夏嫣然臉上帶著淡淡的笑,眼神中似乎帶著追憶。“那時候夏季裡已經練槍兩年了,看到我忍不住偷懶了,馬上就去告訴父親,說我偷懶。父親沒有罵我,只是看著我說‘我夏家沒有懦夫’。”
“我那時候年紀小,卻也有一股子倔性。父親的這話,確實讓我很難受,甚至比罵我還要難受,眼淚當時就掉下來了。不過……”
夏嫣然突然看向李逸,臉上的笑意更濃,“不過,我又給憋回去了,然後抓起長槍繼續站樁。第一次站樁,直接站了三個時辰,最後也是如翠娥這般,昏死過去。”
“後來聽母親說,當時看到我昏死過去,夏季裡還以為我沒救了,突然嚎啕大哭,哭著喊著,一把鼻涕一把淚的搖晃我。不過,他的哭聲倒是將父親和母親吸引了過來,我這也算是得救了吧!”

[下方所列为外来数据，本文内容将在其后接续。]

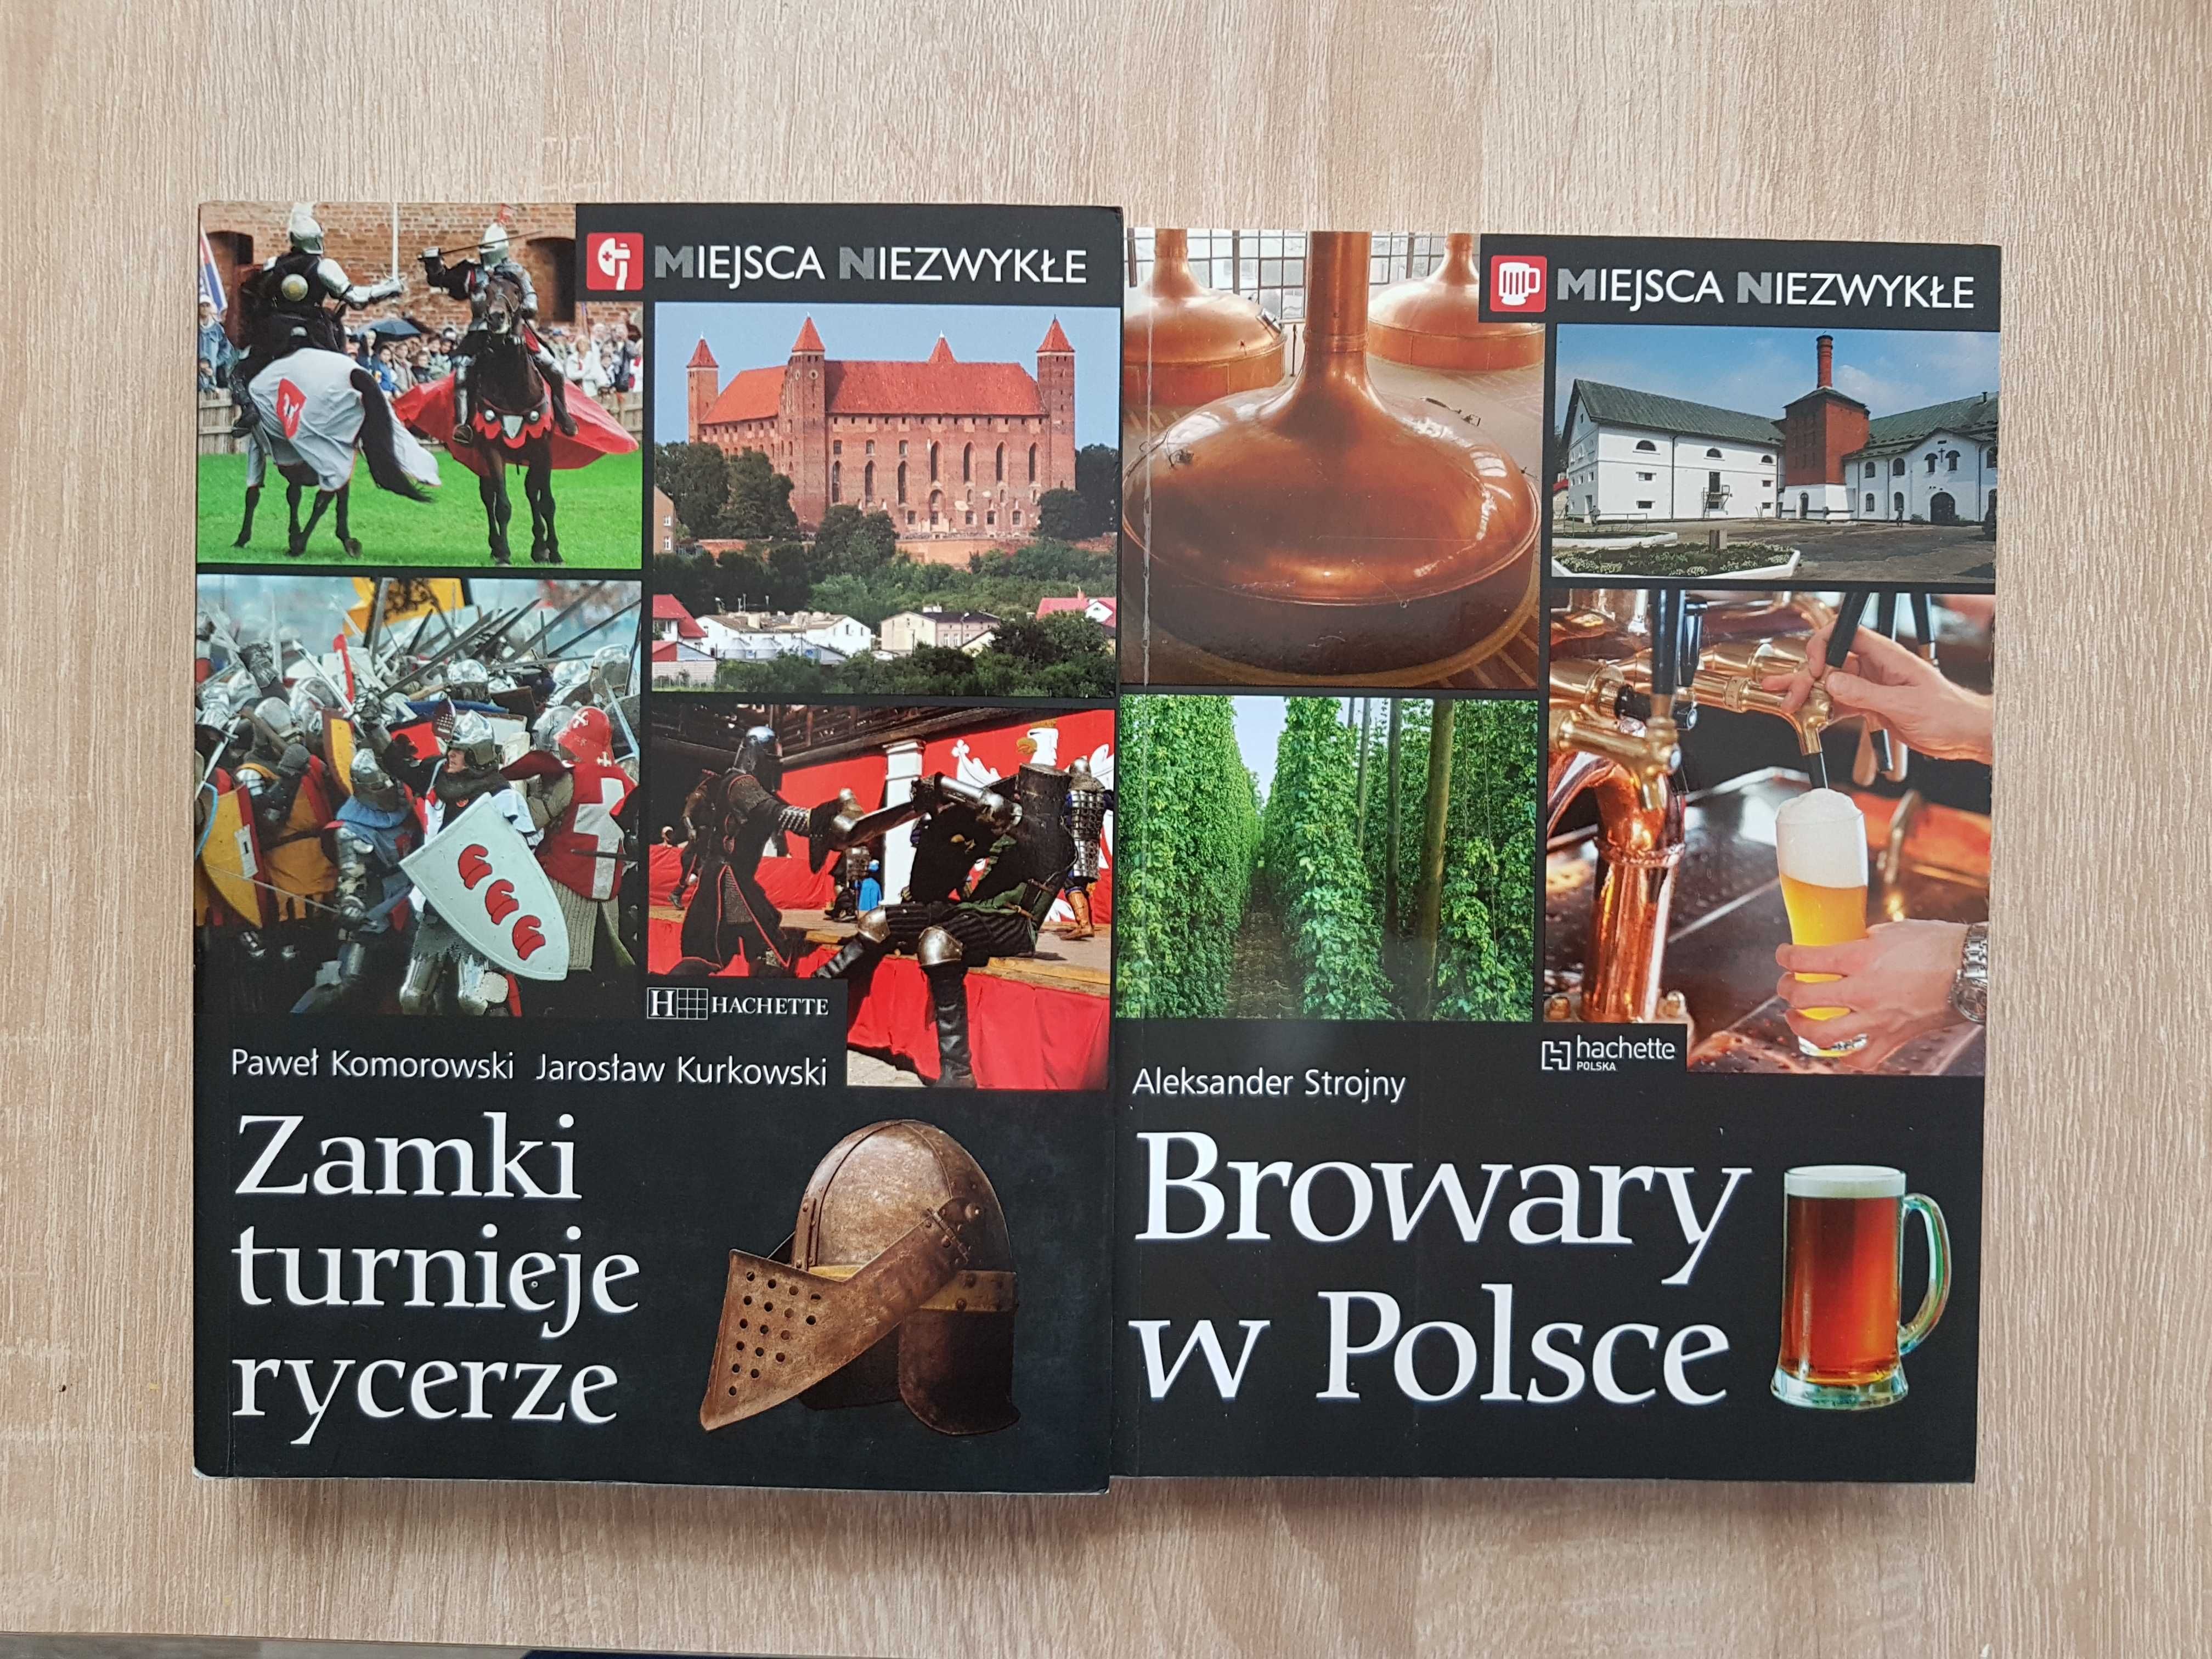 Browary w Polsce, Zamki Turnieje Rycerze - Miejsca Niezwykłe Hachette

望著夏嫣然一臉笑意的說著小時候練武的痛苦經歷,李逸緩緩走上前,輕輕地將夏嫣然擁進懷裡。
一個六七歲的小姑娘,站樁站到最後昏死過去,這得靠著多大的毅力啊。儘管現在夏嫣然可能覺得沒甚麼,但是李逸聽著,就是感覺莫名的心疼。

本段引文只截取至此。